“You!” Halfdan shoved one of the silent three. “Get him out of there.”
The man took his time, lingering to give Halfdan a few dirty looks and to make it plain that he wasn’t afraid of the burly guard, but he did go down the steps and he hauled Ragnar up off the floor and helped the older man back up to the frozen earth.
Halfdan grabbed the man’s shirt and yanked him forward. “That girl in there is Skadi’s prisoner, and Skadi says she doesn’t die. Understand?”

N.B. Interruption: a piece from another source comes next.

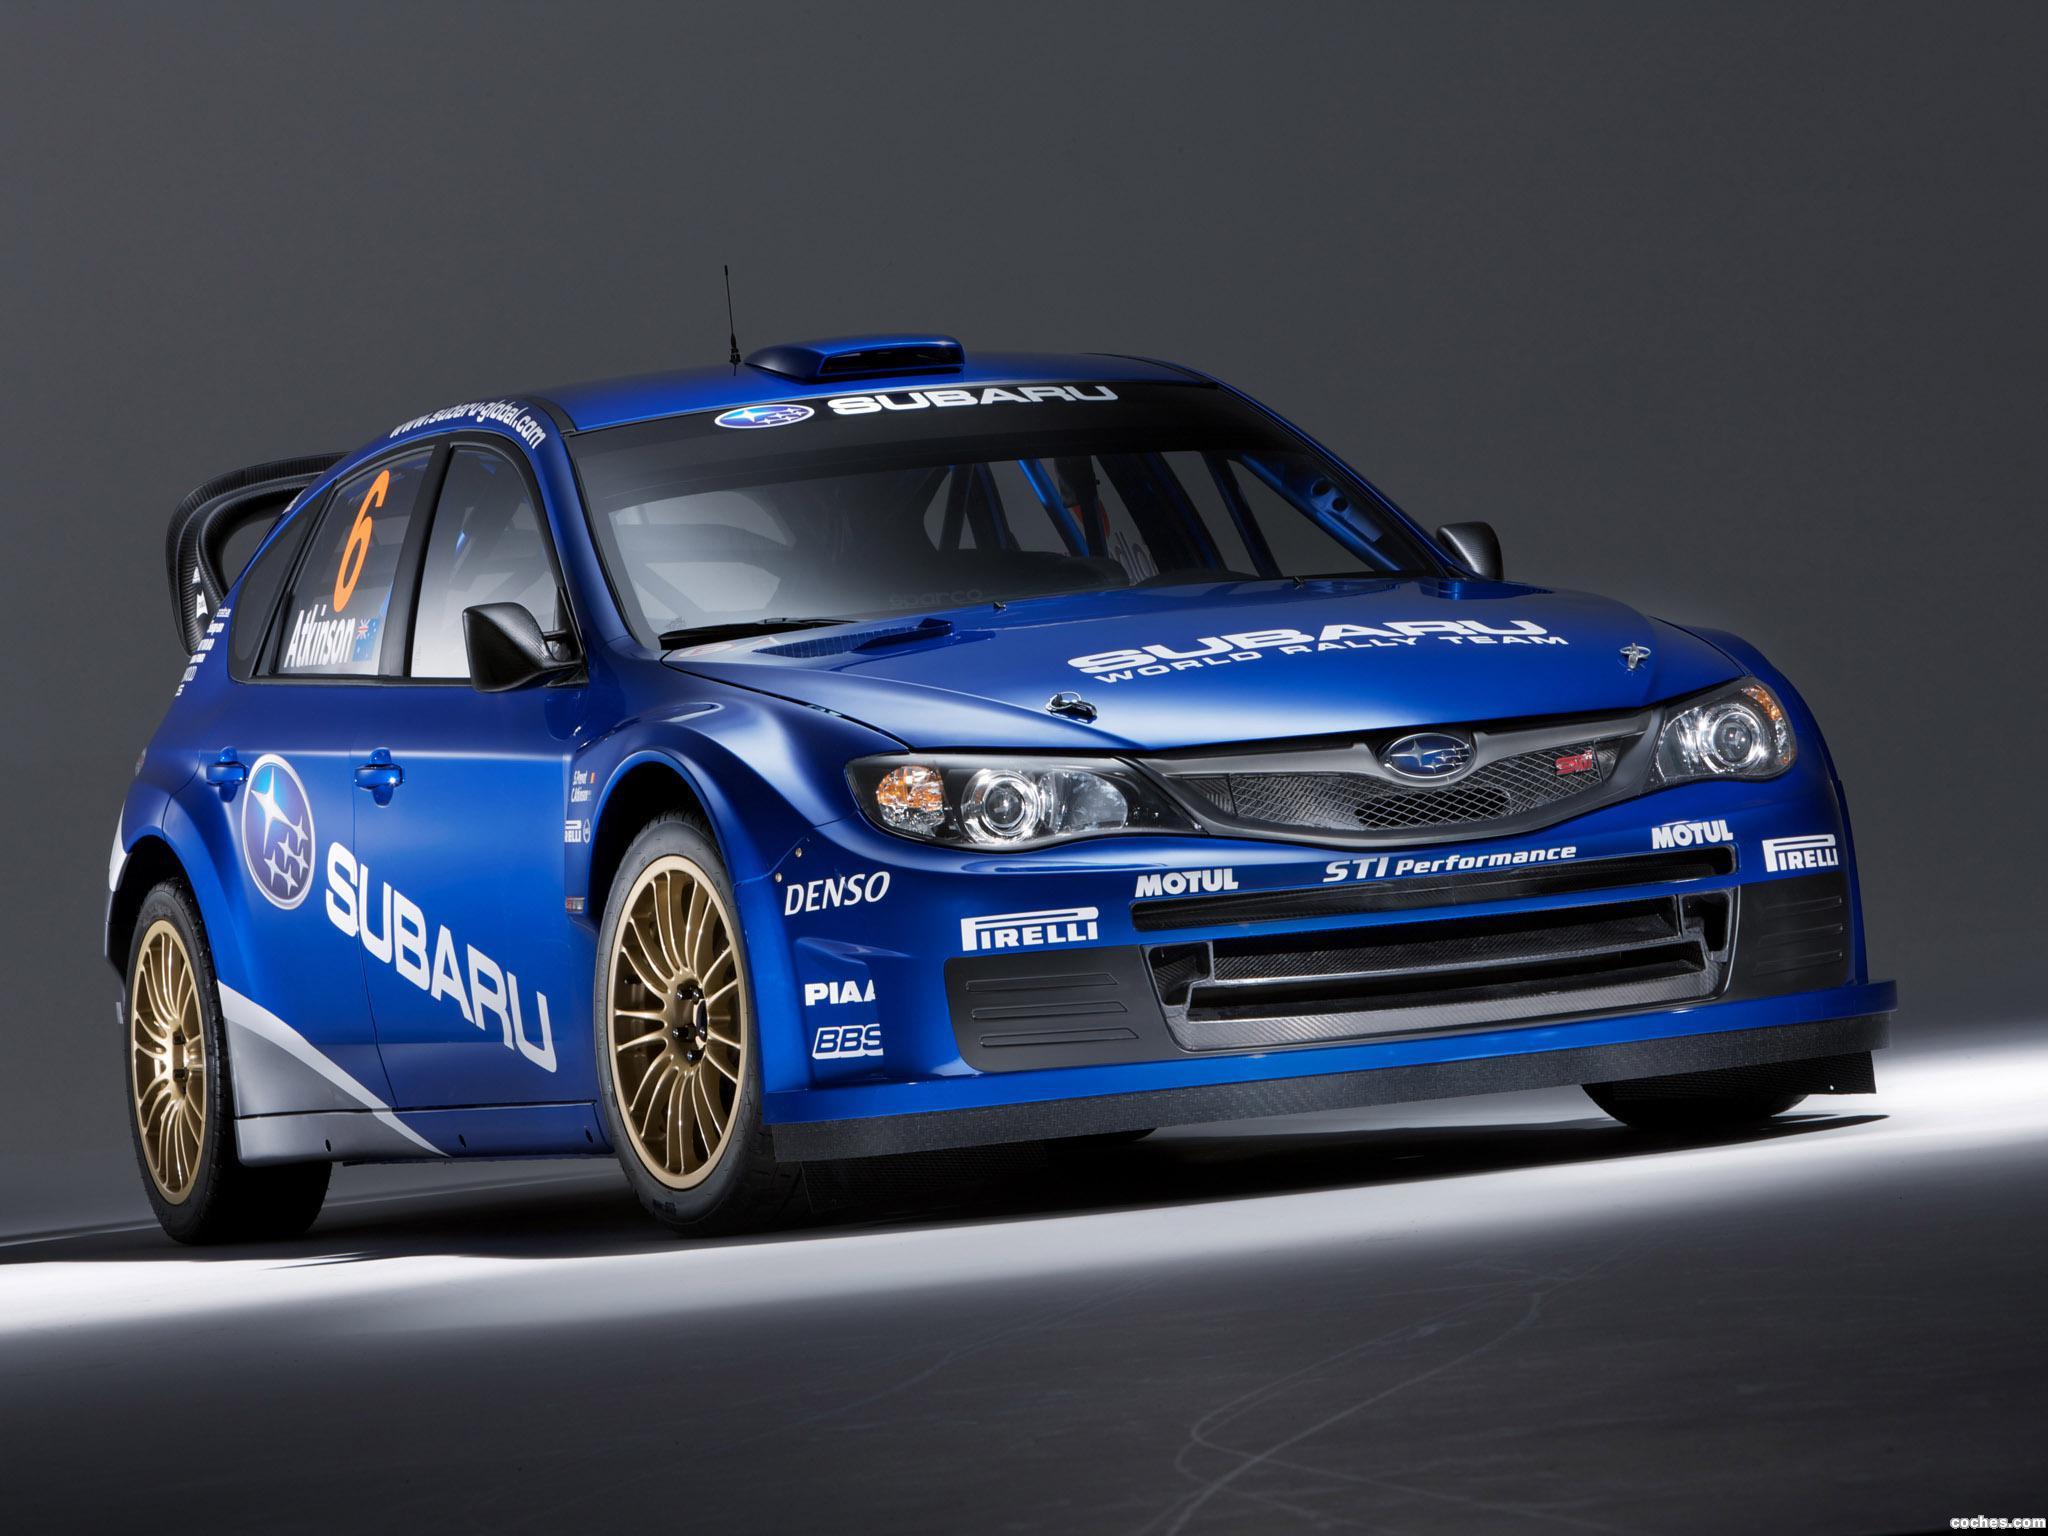 Foto 2 de Subaru Impreza WRC 2008

Ragnar tried to shove himself free, but Halfdan’s huge fist remained buried in his shirt. Ragnar said, “She’s no girl anymore, she’s one of them!”
“That’s right, she’s got the plague,” Halfdan said. “And the queen’s going to cure the damn thing, and to make a cure she needs a beast to test it on. So either you leave that girl in there, or we can send you out into the hills to find another one on your own.”
“Look at you, thinking you’re somebody because your cousin was king. Well, Ivar’s dead now, isn’t he? And you’re nobody.” Ragnar struggled with the warrior again and this time managed to get his shirt free and he limped back a few steps. He spat in the grass. “And the only cure for the plague is a blade through the neck.”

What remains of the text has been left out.